To illustrate this, imagine a library with thousands of books (representing keys and values). MHA requires storing all these books for reference. MLA, on the other hand, creates a concise summary (latent vector) of each book, significantly reducing storage space while retaining essential information.

Comparison between Multi-Head Attention (MHA), Grouped-Query Attention (GQA), Multi-Query Attention (MQA), and Multi-head Latent Attention (MLA)

2. DeepSeekMoE

DeepSeekMoE is a specialized MoE architecture designed for efficient expert utilization. In MoE models, different “experts” specialize in different aspects of the data, allowing for greater model capacity and expressiveness. However, traditional MoE architectures often suffer from knowledge redundancy and limited expert specialization.

DeepSeekMoE addresses these limitations dividing experts into smaller, more specialized units, allowing for more precise knowledge acquisition and reducing redundancy, and isolating a subset of shared experts, to prevent knowledge duplication among routed experts.

Think of this as a team of specialized doctors: DeepSeekMoE divides each medical specialty into sub-specialties, ensuring each expert has a deep understanding of their specific area. Shared experts, like general practitioners, provide common knowledge, preventing unnecessary duplication among specialists.

Multi-head Latent Attention (MLA) and how it Boosts Inference Efficiency

Traditional Transformer models rely on Multi-Head Attention (MHA) mechanisms, which, while powerful, suffer from large Key-Value (KV) caches during inference. This large KV cache slows down the model’s ability to process and generate text.

As already said, MLA tackles this issue by compressing the KV cache into a smaller latent vector, significantly reducing its size without sacrificing performance.

Here’s how MLA works:

  • Joint Compression: MLA compresses keys and values into a latent vector using learned projection matrices.
  • Inference Optimization: During inference, MLA eliminates the need to explicitly compute keys and values by absorbing the projection matrices into other parts of the model, further enhancing efficiency.
  • Decoupled Rotary Position Embedding: MLA utilizes Rotary Position Embedding (RoPE) in a unique way to ensure both efficient compression and strong performance. Ok, but what’s RoPE? RoPE is a technique that encodes the order of words in a sentence by subtly rotating their corresponding embeddings. This rotation helps the model understand the relationship between words even when they are far apart. However, directly applying RoPE to the compressed keys would interfere with MLA’s compression process. To avoid this, MLA employs a “decoupled” approach, using separate components to handle RoPE information. This ensures that the key-value compression remains effective while still benefiting from RoPE’s ability to capture word order and enhance the model’s understanding of language.

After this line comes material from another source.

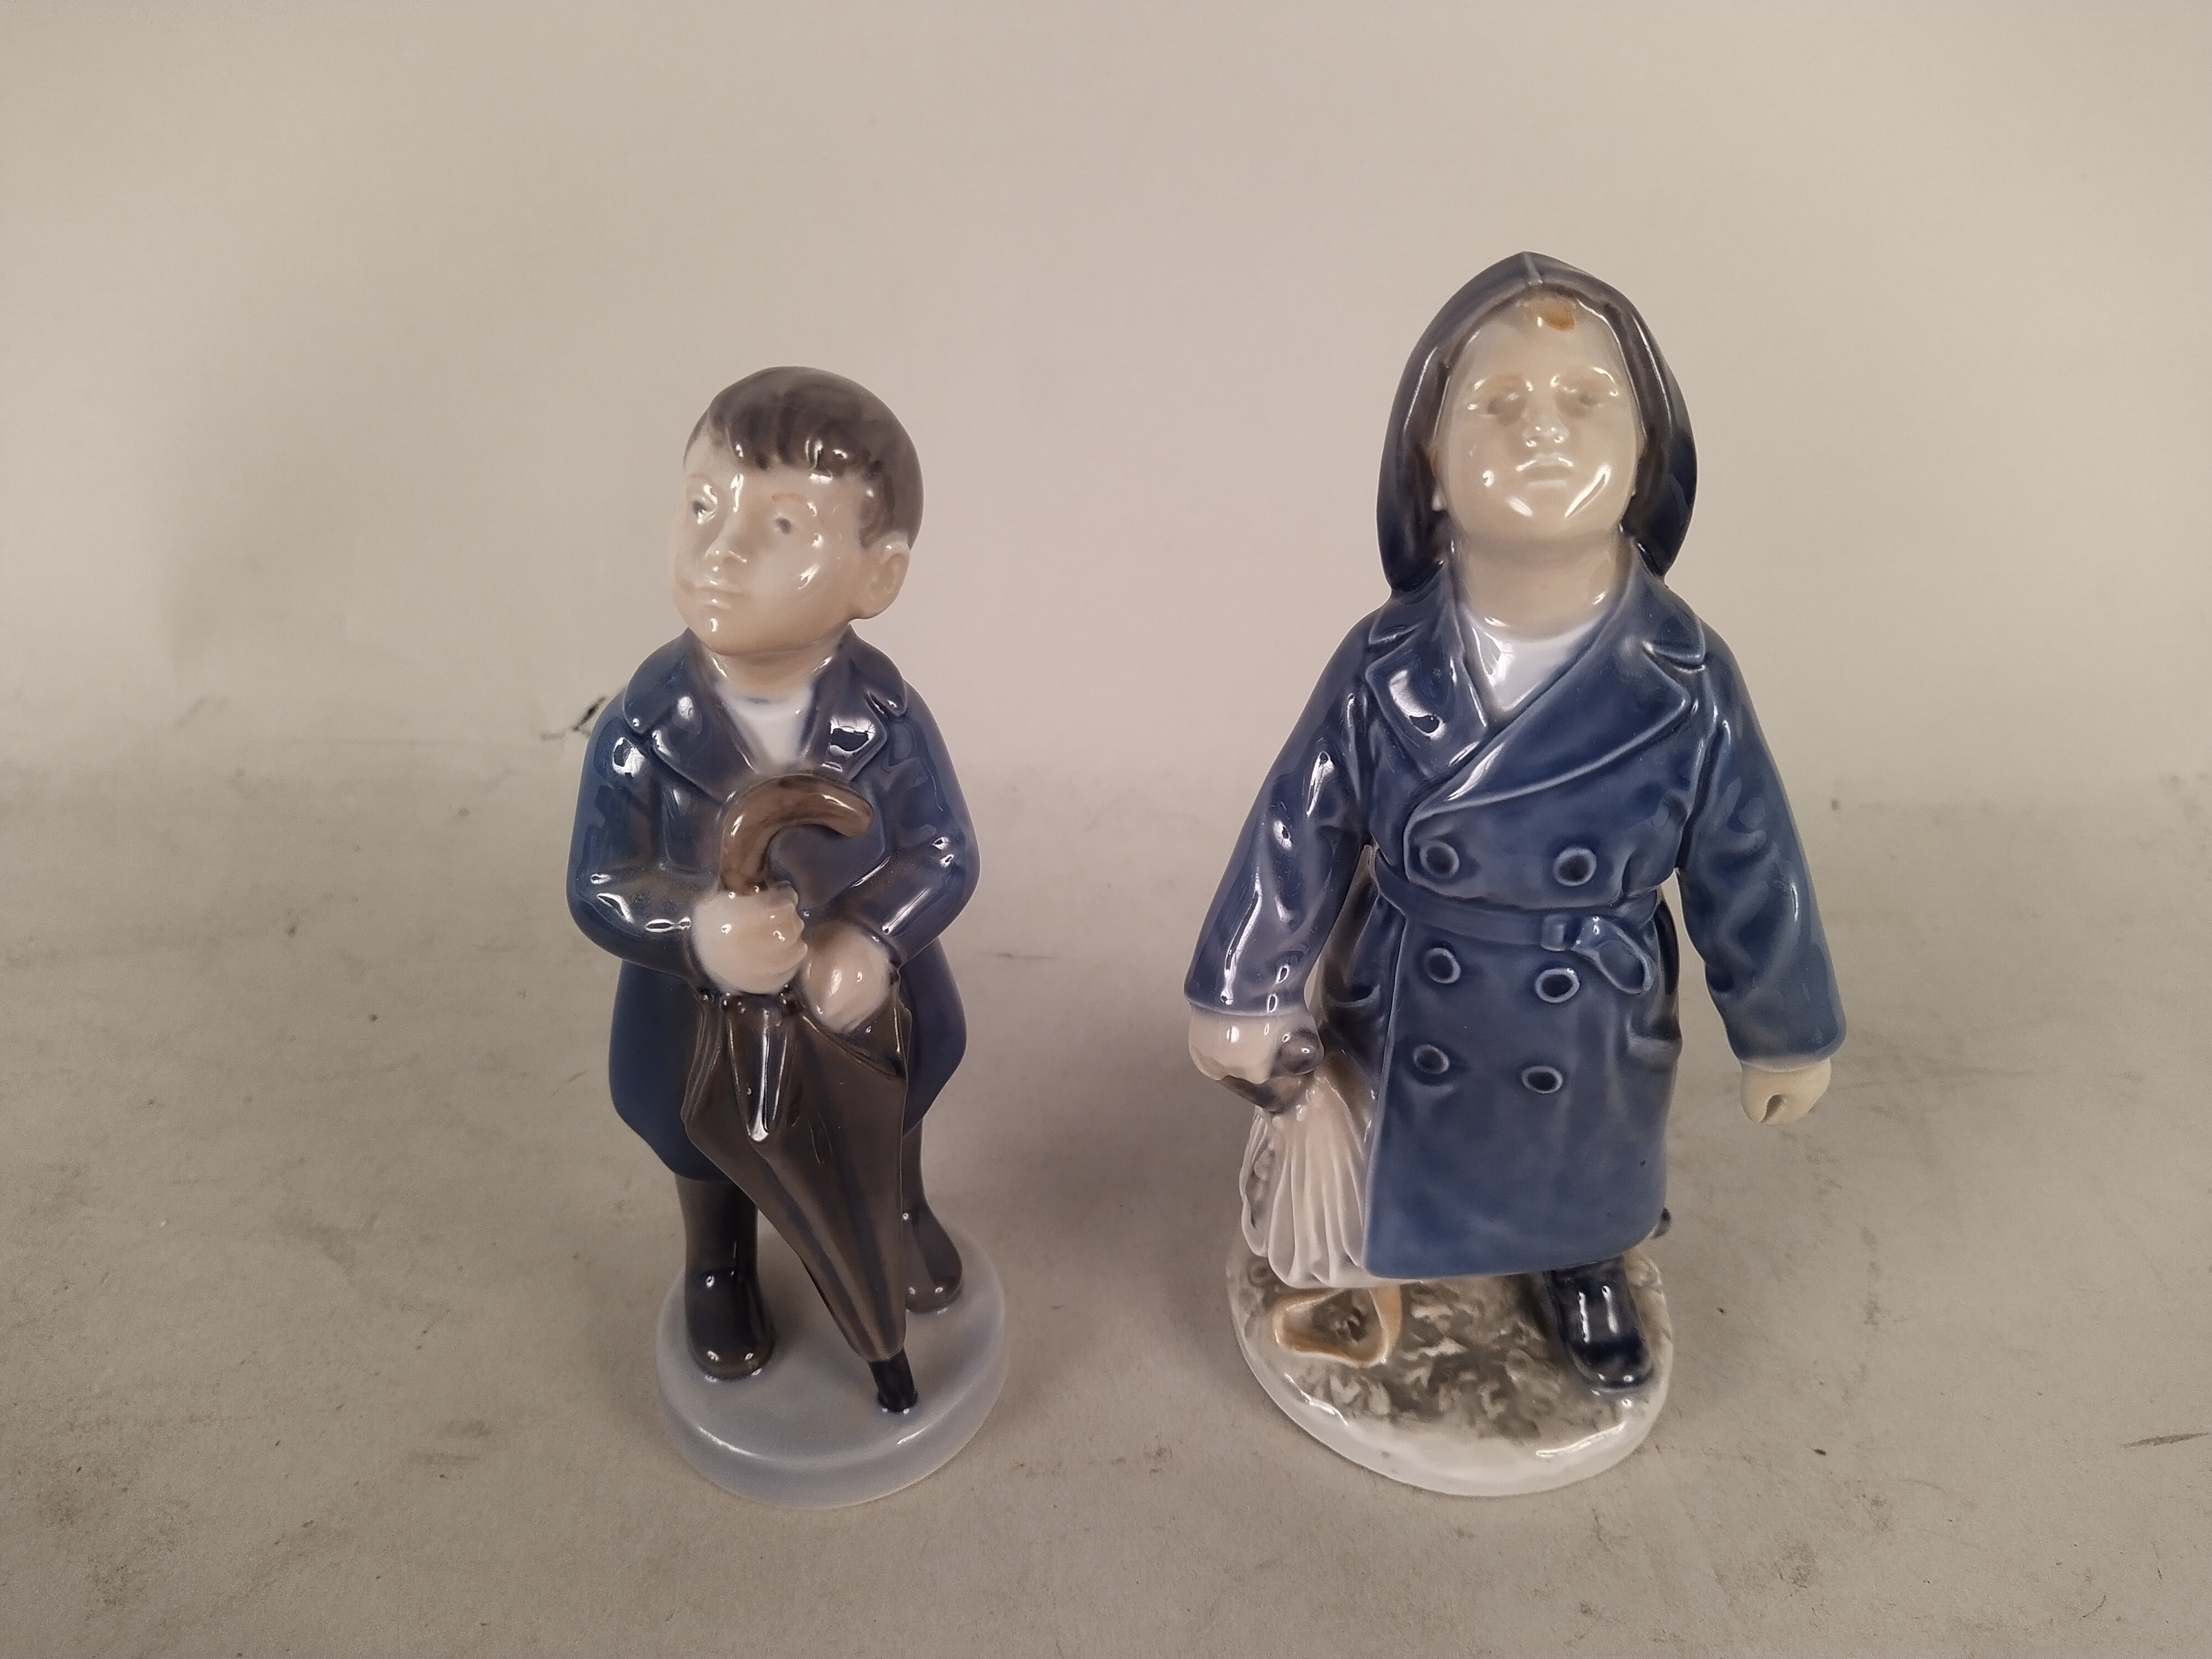 Four Copenhagen boy figurines, - Image 2 of 3

MLA’s impact on efficiency is significant, reducing DeepSeek-V2’s KV cache, so much that it is 93.3% smaller than its predecessor, DeepSeek 67B. This allows for faster inference and the ability to handle larger batch sizes and longer text sequences.

DeepSeekMoE and how to Train Strong Models Economically

DeepSeekMoE is an innovative architecture used for Feed-Forward Networks (FFNs) within DeepSeek-V2. It enables the training of powerful models at a fraction of the cost by selectively activating only relevant “experts” for each token.

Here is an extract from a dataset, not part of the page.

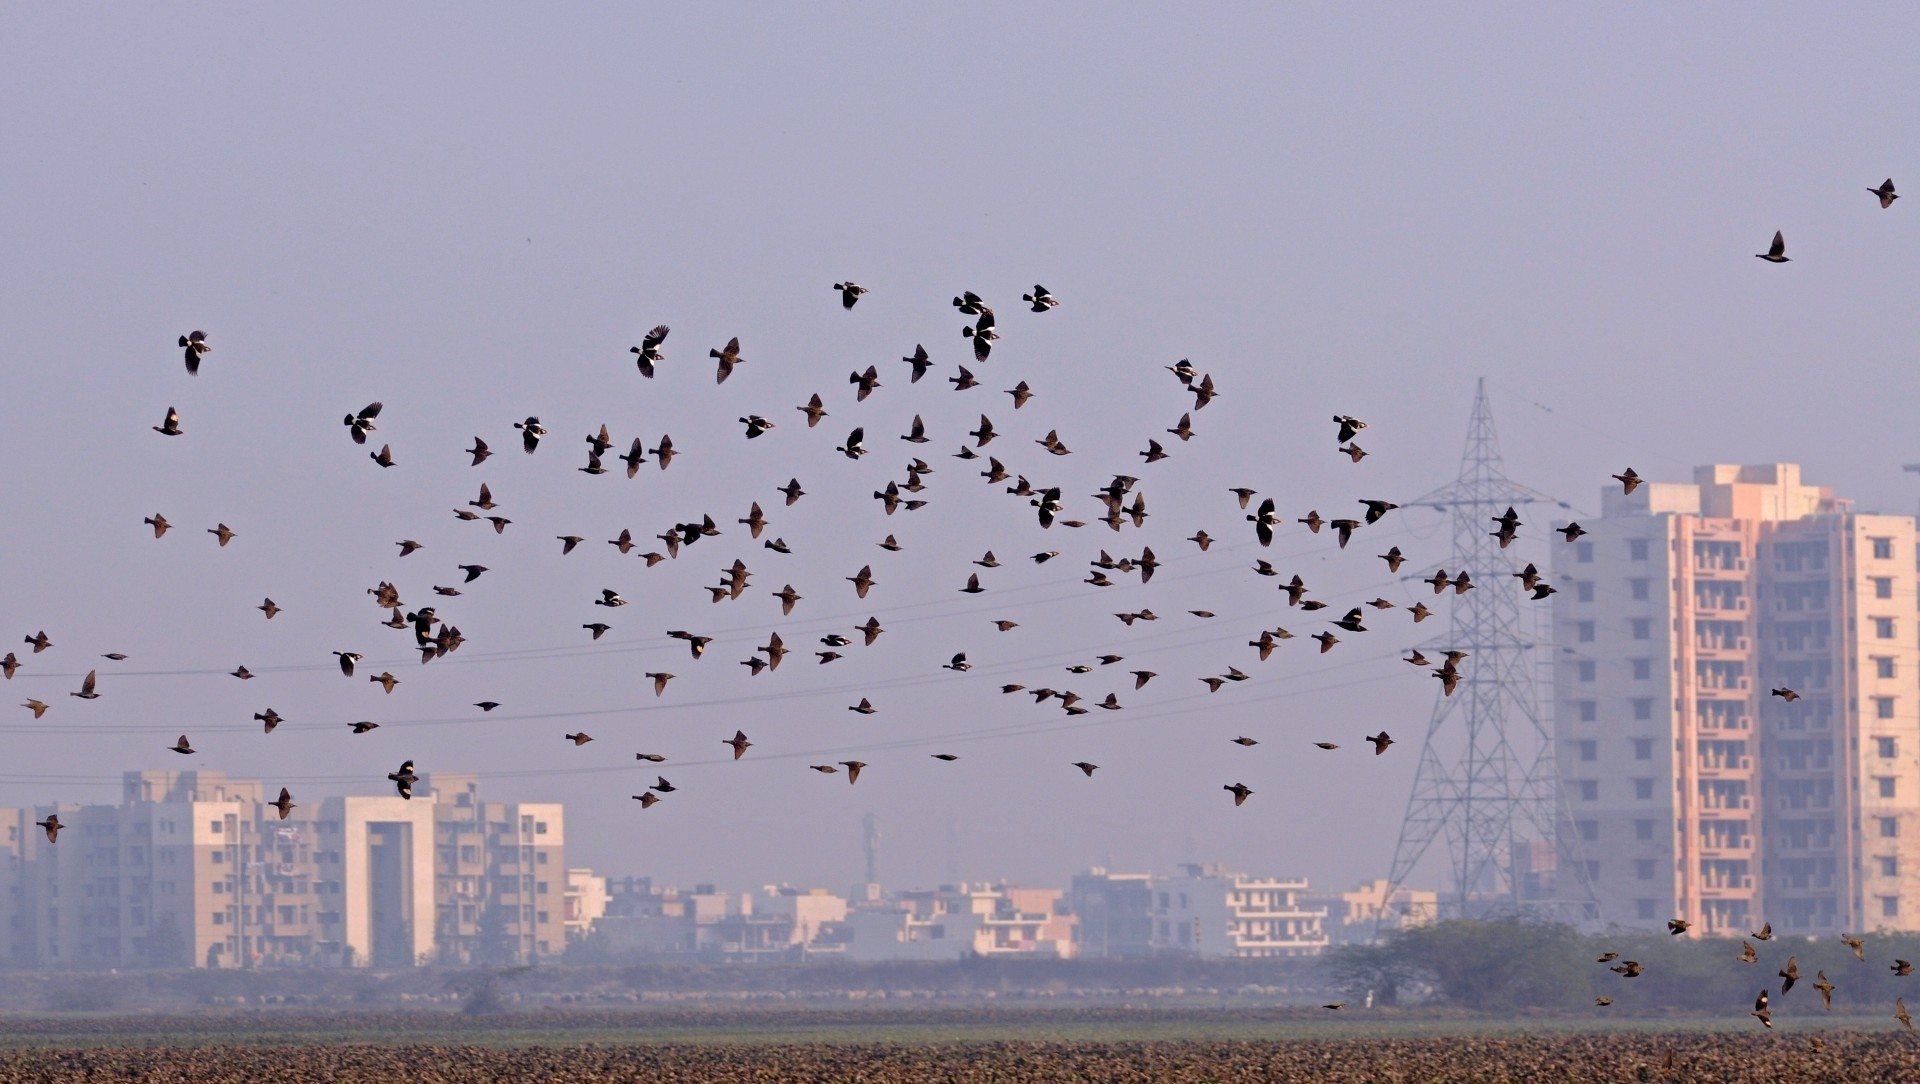 Basai Wetland Thrives Just a Short Hop From Gurugram's Glitzy Malls

With another example, think of DeepSeekMoE as a team of specialized experts: when a task arrives, only the experts relevant to that specific task are called upon, ensuring efficient resource utilization.

As partially already introduced, DeepSeekMoE is able to train strong models at an economical cost by employing several key techniques:

  • Finer-grained expert segmentation: DeepSeekMoE divides the experts into smaller, more specialized units compared to conventional MoE architectures. This allows for higher expert specialization and more accurate knowledge acquisition.
  • Shared experts: Some experts are designated as shared experts that are always activated, while the remaining experts are routed experts that are selectively activated for each token. Having some shared experts helps mitigate redundancy in the knowledge captured by the routed experts.
  • Device-limited routing: To control MoE-related communication costs, DeepSeekMoE ensures that the activated experts for each token are distributed across at most M devices. This bounds the communication frequency per token while still allowing a large number of experts to be utilized, limiting the number of devices involved in processing each token, reducing communication overhead.
  • Auxiliary losses for load balancing: DeepSeekMoE incorporates three types of auxiliary losses to ensure balanced computation and prevent certain experts from being overloaded (so, preventing bottlenecks and ensuring efficient utilization of resources): Expert-Level Balance Loss, that promotes balanced activation of individual experts, Device-Level Balance Loss, that encourages balanced computation across different devices, and Communication Balance Loss, that ensures balanced communication loads between devices.
  • Token-dropping strategy: To further handle any remaining load imbalance, a device-level token-dropping approach is used during training. The lowest-affinity tokens on each device are dropped until the computation budget is met. This improves computational efficiency.

Also, DeepSeek-V2 exploits High-Quality Data, being pre-trained on a massive dataset of 8.1 trillion tokens, with a focus on data quality and diversity, particularly for Chinese language content.

These optimizations result in significant cost savings during training. Compared to its predecessor, DeepSeek 67B, DeepSeek-V2 achieves a 42.5% reduction in training costs, demonstrating the effectiveness of its sparse architecture and efficient training methodologies.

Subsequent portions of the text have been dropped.